1996 | Christopher K. I. Williams, Carl Edward Rasmussen
The paper "Gaussian Processes for Regression" by Christopher K. I. Williams and Carl Edward Rasmussen explores the use of Gaussian processes in Bayesian regression. The authors address the complexity of Bayesian analysis in neural networks, where a simple prior over weights leads to a complex prior distribution over functions. They propose using Gaussian process priors, which allow for exact Bayesian analysis using matrix operations. Two methods, optimization and averaging via Hybrid Monte Carlo (HMC), are tested on challenging problems and show excellent results.

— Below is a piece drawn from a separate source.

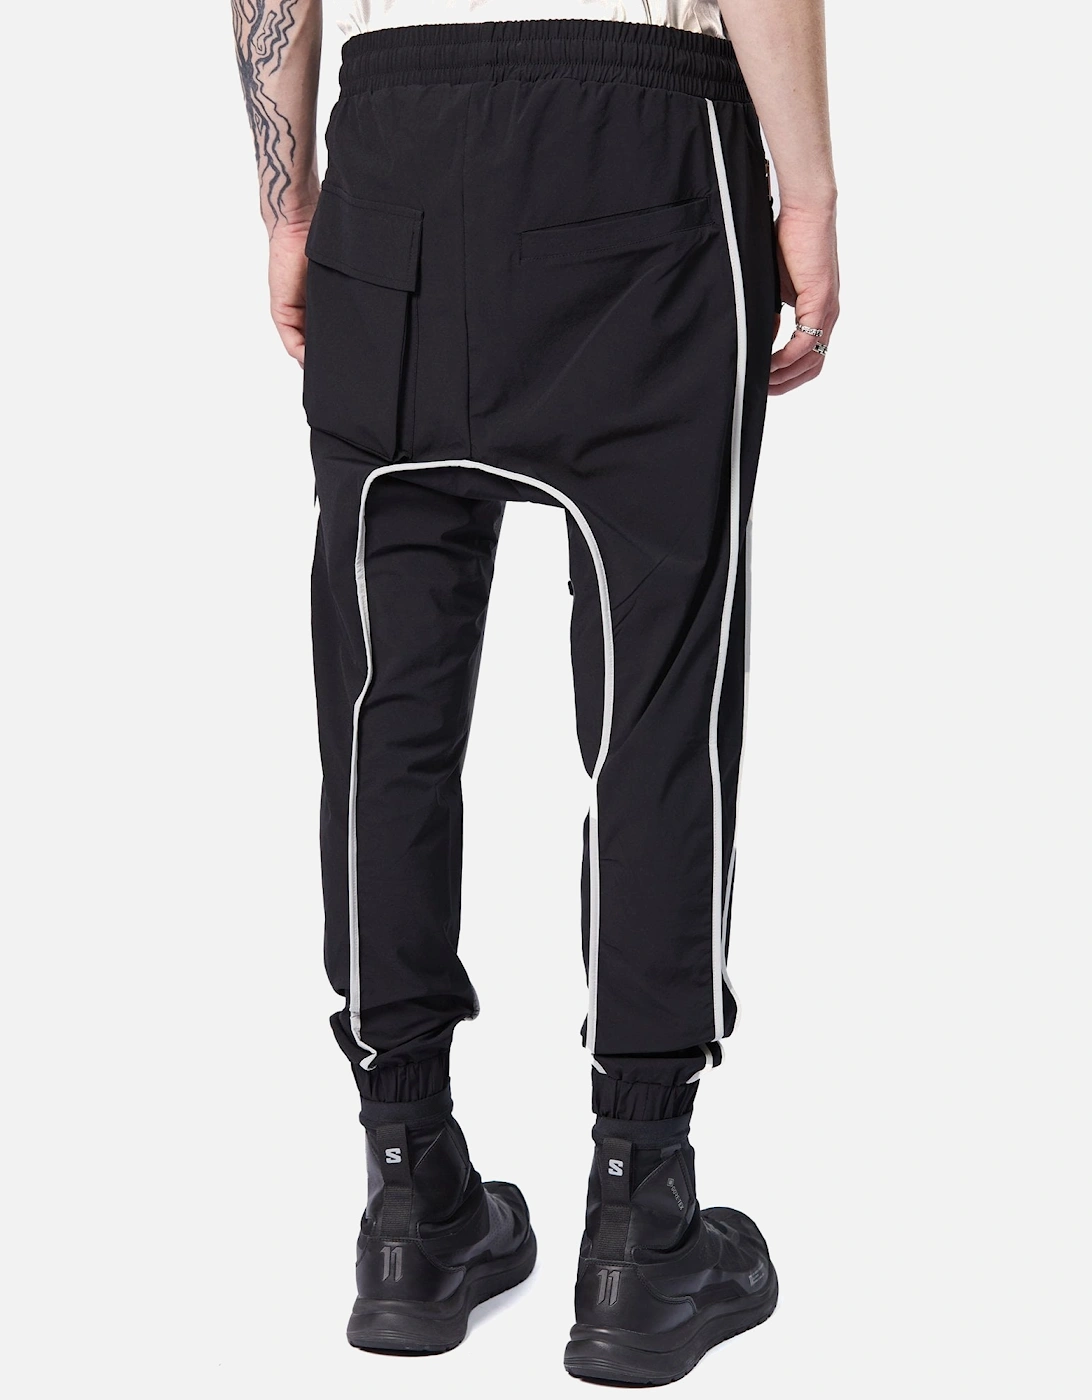 Contrast Pipping Black Cuffed Trouser
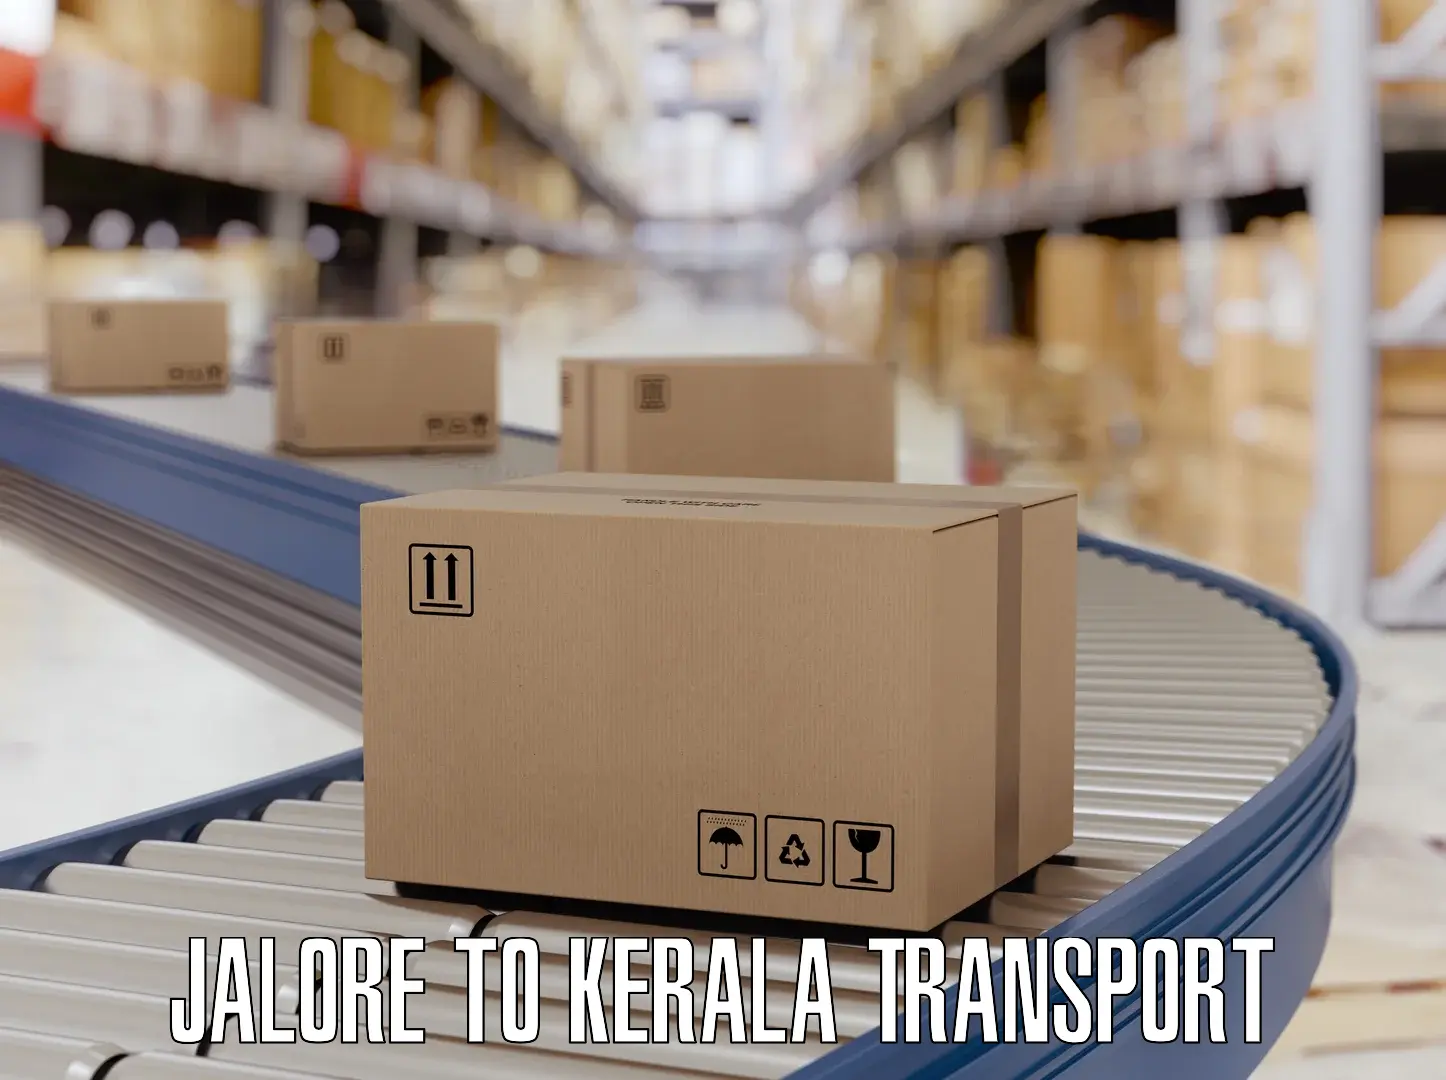 Luggage transport services Jalore to Kerala

The introduction explains that the Bayesian approach to neural networks involves combining a prior distribution over weights with a noise model to form a posterior distribution over functions. The authors argue that neural network models should not be limited to a small number of hidden units and that large networks can converge to a Gaussian process prior. They parameterize the Gaussian process using hyperparameters, which can be estimated from data using maximum likelihood or Bayesian methods, leading to Automatic Relevance Determination (ARD).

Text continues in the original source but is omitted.